RESULTS OF RANGE-FINDING STUDY
- Dose range: 125 mg/kg bw - 2000 mg/kg bw
- Solubility: Incompatible with water thus corn oil was used
- Clinical signs of toxicity in test animals: All mice dosed at 1000 mg/kg bw and 2000 mg/kg bw died. 500 mg/kg bw was lethal to 4 out of 5 females and all the male mice. One female tested at 250 mg/kg bw died.
- Evidence of cytotoxicity in tissue analyzed: a decrease in the PCE/NCE ratio to 80% of the control value was observed at the 48 hour treatment interval. At 72 hours the PCE/NCE ratios had increased.
- Harvest times: 48 hours


RESULTS OF DEFINITIVE STUDY

- Induction of micronuclei (for Micronucleus assay): negative.
- Ratio of PCE/NCE (for Micronucleus assay): PCE/NCE ratio was slightly decreased at 72 hour treatment interval.
- Appropriateness of dose levels and route: Both dose levels and route were appropriate.
- Statistical evaluation: Analysis of variance indicated no sex-related differences in the incidence of micronuclei. No statistically significant (p ≤ 0.01) or treatment related increases in the numbers of micronuclei were observed at any dose or treatment interval.

Any other information on results incl. tables

Table 3: Summary of micronucleus results

	30 hours				48 hours				72 hours
Treatment groups mg/kg bw	Number of PCE’s with micronuclei per 1000 PCE’s		Mean PCE’s/1000 NCE (SD)		Number of PCE’s with micronuclei per 1000 PCE’s		Mean PCE’s/1000 NCE (SD)		Number of PCE’s with micronuclei per 1000 PCE’s		Mean PCE’s/1000 NCE (SD)
	Male	Female	Group mean	SD	Male	Female	Group mean	SD	Male	Female	Group mean	SD
Vehicle control	4.0 (2.00)	1.6 (0.89)	33.7	5.52	2.4 (2.70)	3.6 (1.14)	36.4	4.24	3.8 (2.05)	3.8 (2.68)	42.9	3.25
87.5	5.0 (2.55)	3.6 (1.52)	31.8	6.79	3.0 (1.73)	2.2 (0.84)	36.0	0.28	6.4 (2.19)	2.8 (1.64)	33.9	2.12
175	2.6 (1.52)	4.0 (1.22)	34.9	8.06	3.2 (1.10)	3.8 (1.64)	37.2	7.92	2.3 (0.96)	5.2 (3.96)	35.5	6.68
280	3.4 (2.19)	3.6 (2.19)	35.4	4.81	3.4 (3.29)	3.0 (1.22)	30.4	3.39	3.8 (1.92)	1.2 (0.84)	27.9	1.27
Positive control	36.2 (16.84)	28.6 (10.31)	27.4	9.05	Not evaluated		Not evaluated		Not evaluated		Not evaluated

Table 4 Summary of micronucleus frequency and statistical differences from controls (Fisher's exact test, one-tailed)

Treatment/dose mg/kg bw	No.
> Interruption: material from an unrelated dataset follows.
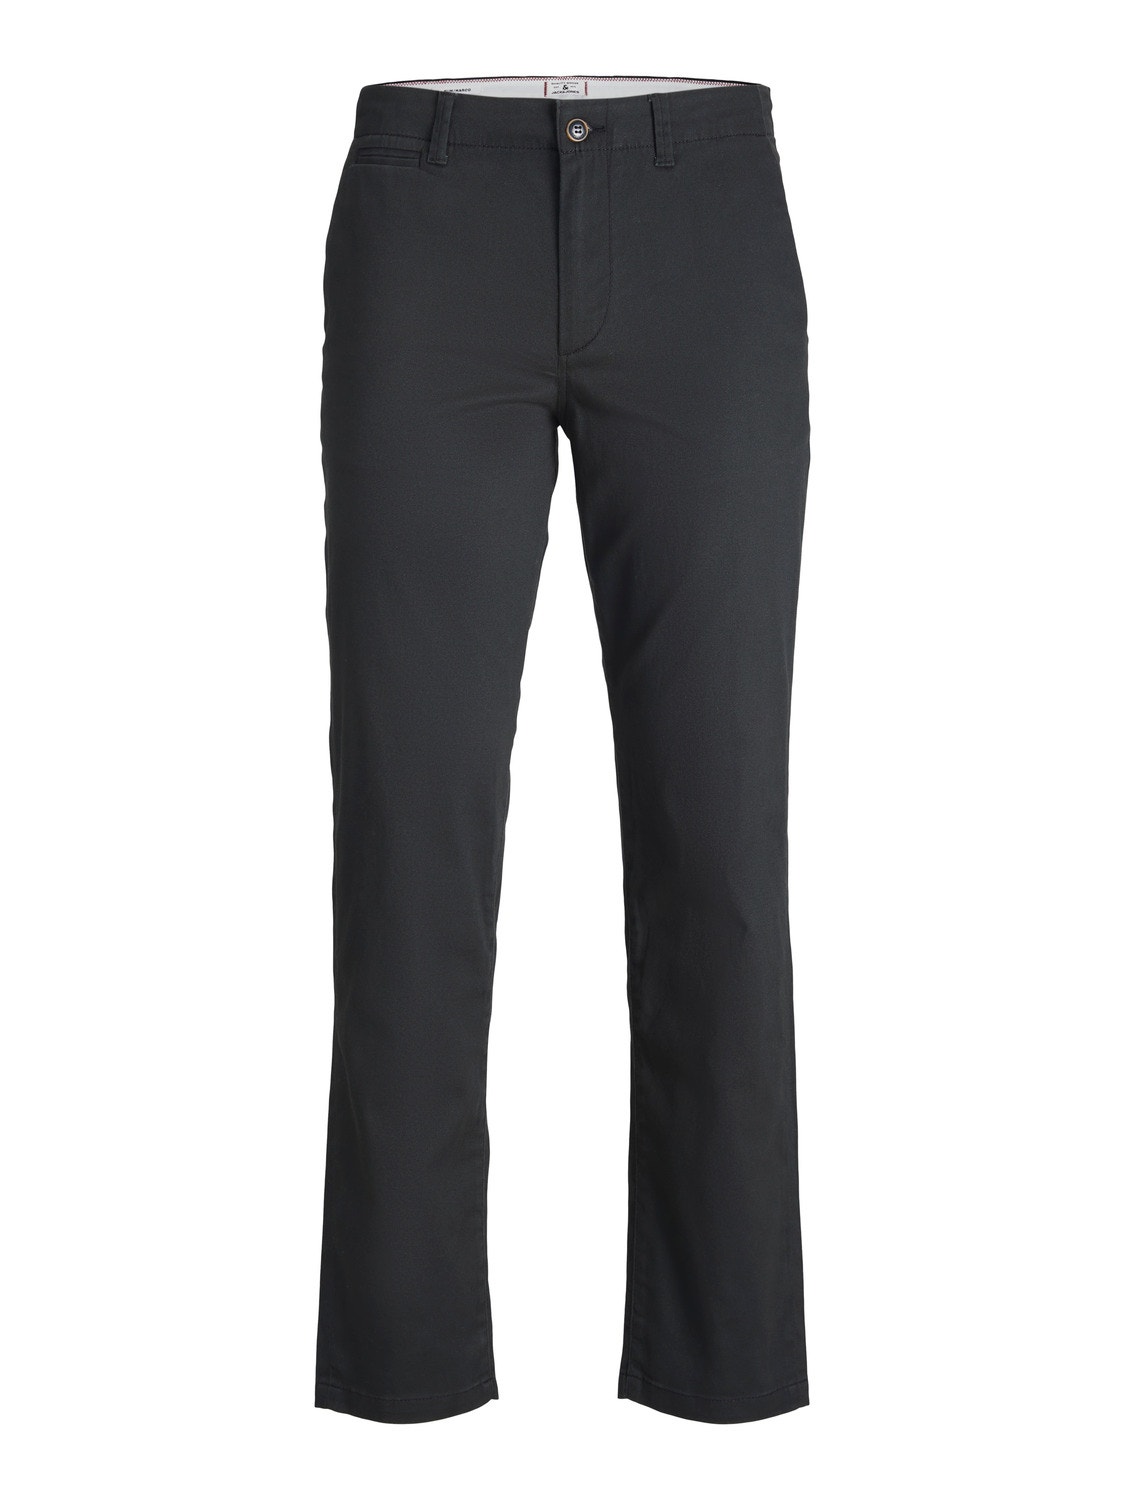 Jack & Jones Slim Fit 5-pocket trousers -Black - 12234107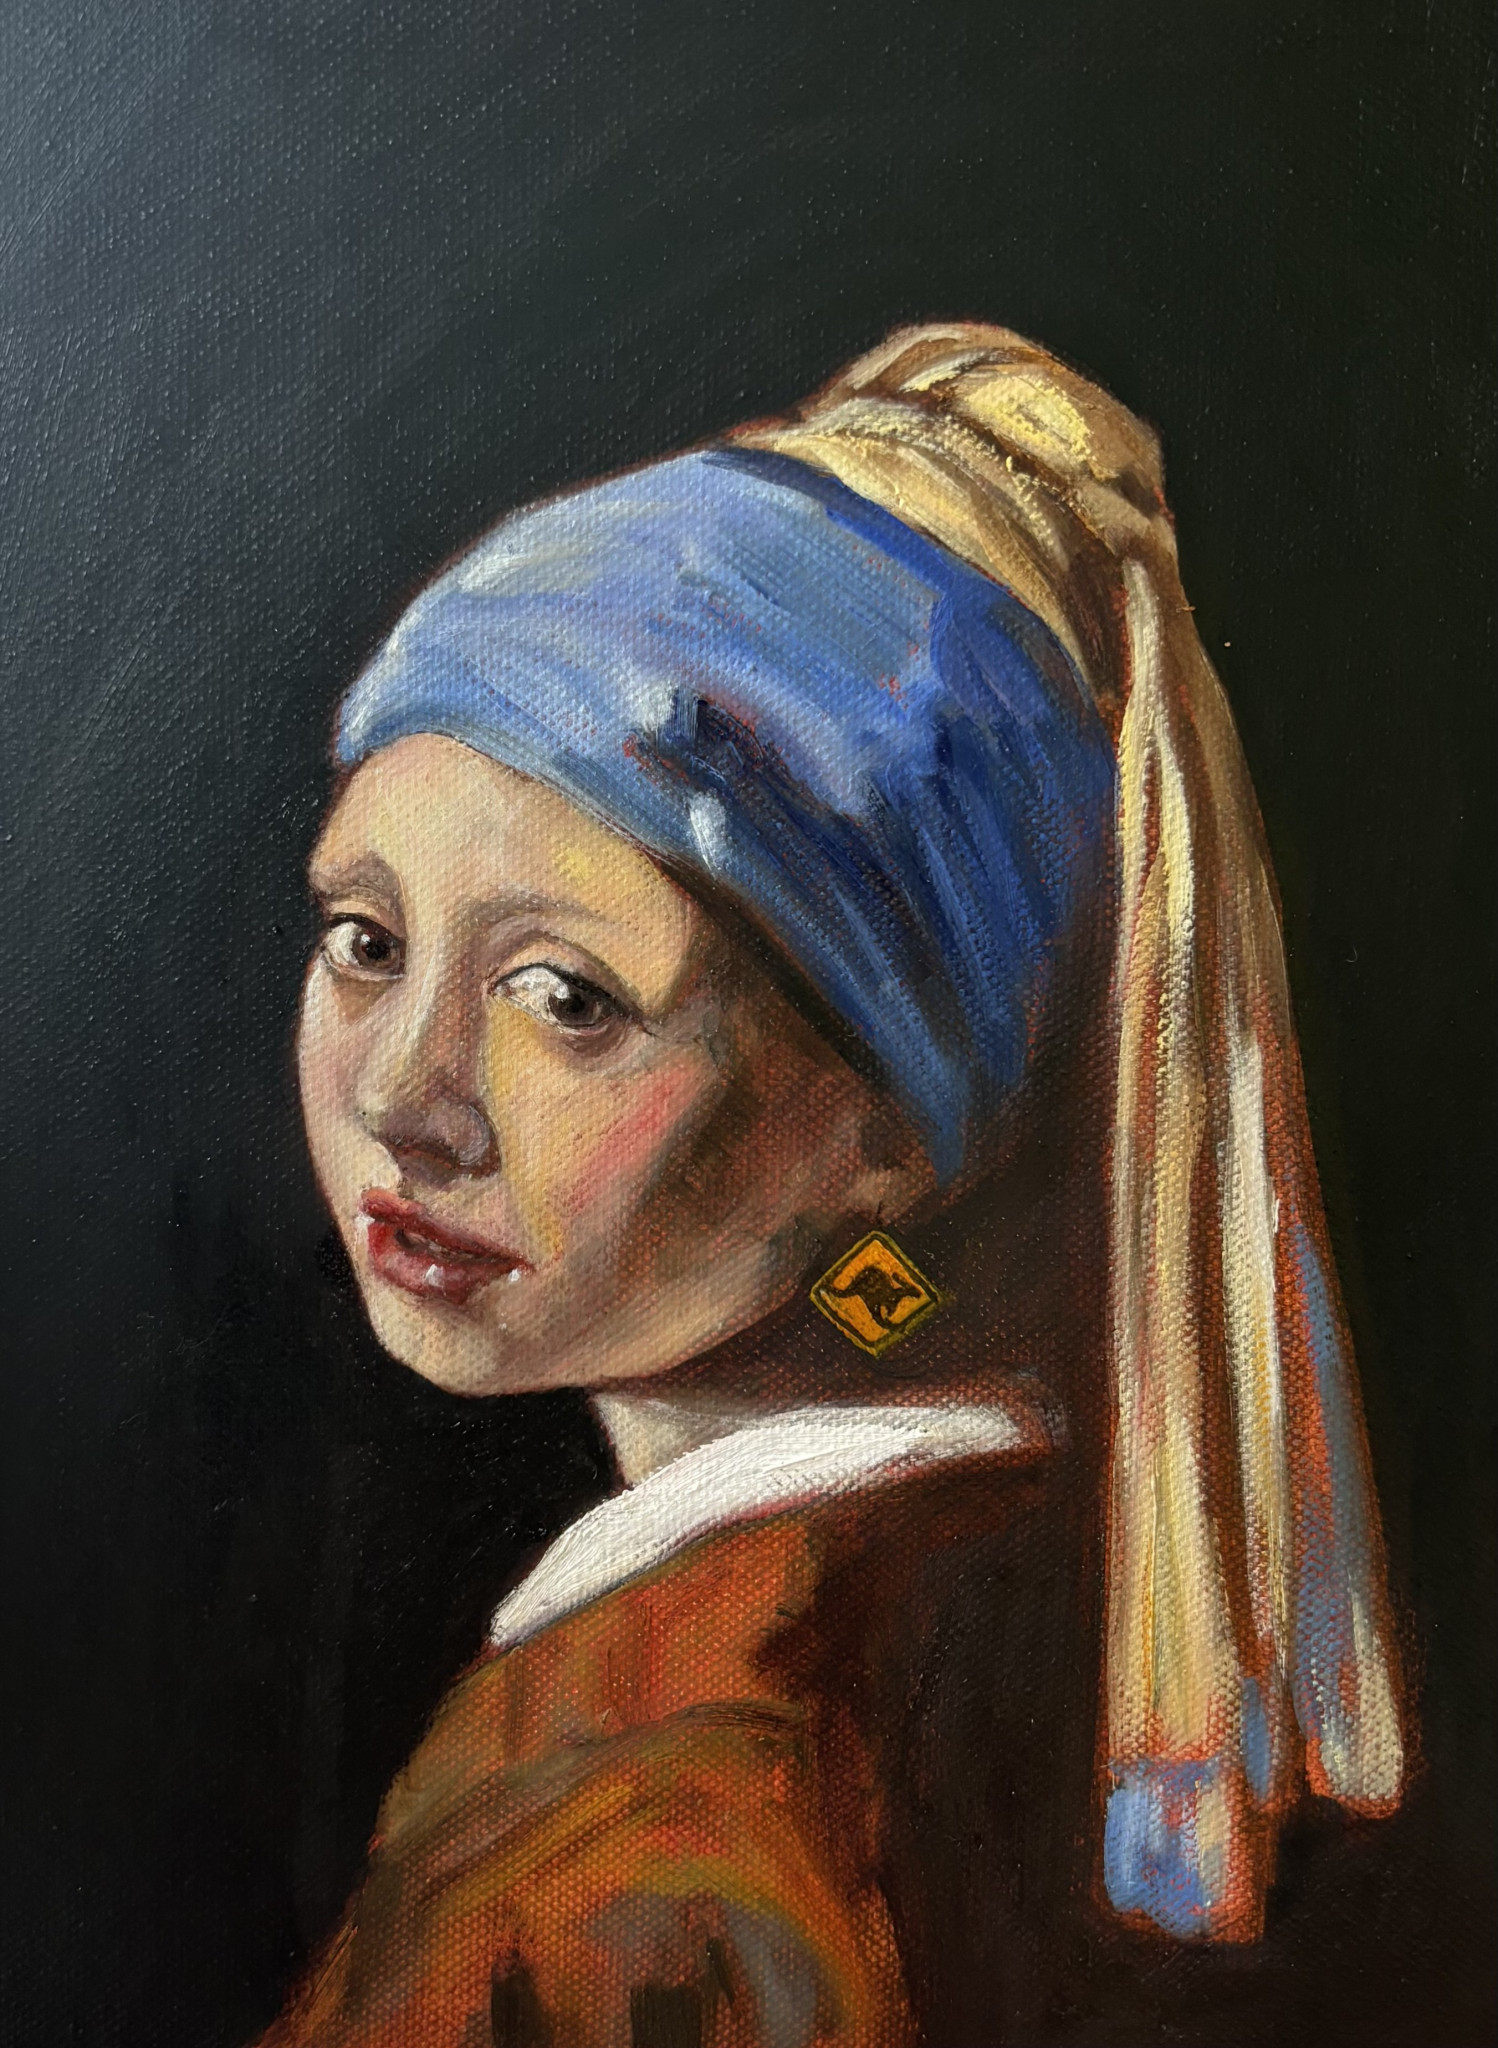 Girl with Kangaroo Earring by Lisa May (Vermeer).

PCE observed	PCE with micronuclei	Statistical significance
	30 hour sample
Vehicle control	10 000	28	NS
87.5	10 000	43	0.05>p>0.01*
175	10 000	33	NS
280	10 000	35	NS
Positive control	10 000	324	p<0.001
	48 hour sample
Vehicle control	10 000	30	NS
87.5	10 000	26	NS
175	10 000	35	NS
280	10 000	32	NS
	72 hour sample
Vehicle control	10 000	38	NS
87.5	10 000	46	NS
175	10 000	35	NS
280	10 000	25	NS

Results from sexes are combined as no sex-related differences were shown.

* not considered of biological significance

Applicant's summary and conclusion

Conclusions:

N-(3-(trimethoxysilyl)propyl)ethylenediamine has been tested in a reliable study according to EPA Health Effect T G, Report 560/6-83-001, which is similar to OECD 474, and under GLP conditions. No treatment related increases in numbers of micronuclei in PCE's of Swiss-Webster mice were observed. Relatively high dose levels of the test compound were tested up to 80% of the LD50 with no indication of significant induction of micronuclei. The PCE/NCE ratio was reduced at the highest concentration, 48 h exposure and at all doses, 72 h exposure, indicating exposure of the target tissue to the test substance. The test compound is considered to be negative for the induction of micronuclei under the conditions of this test.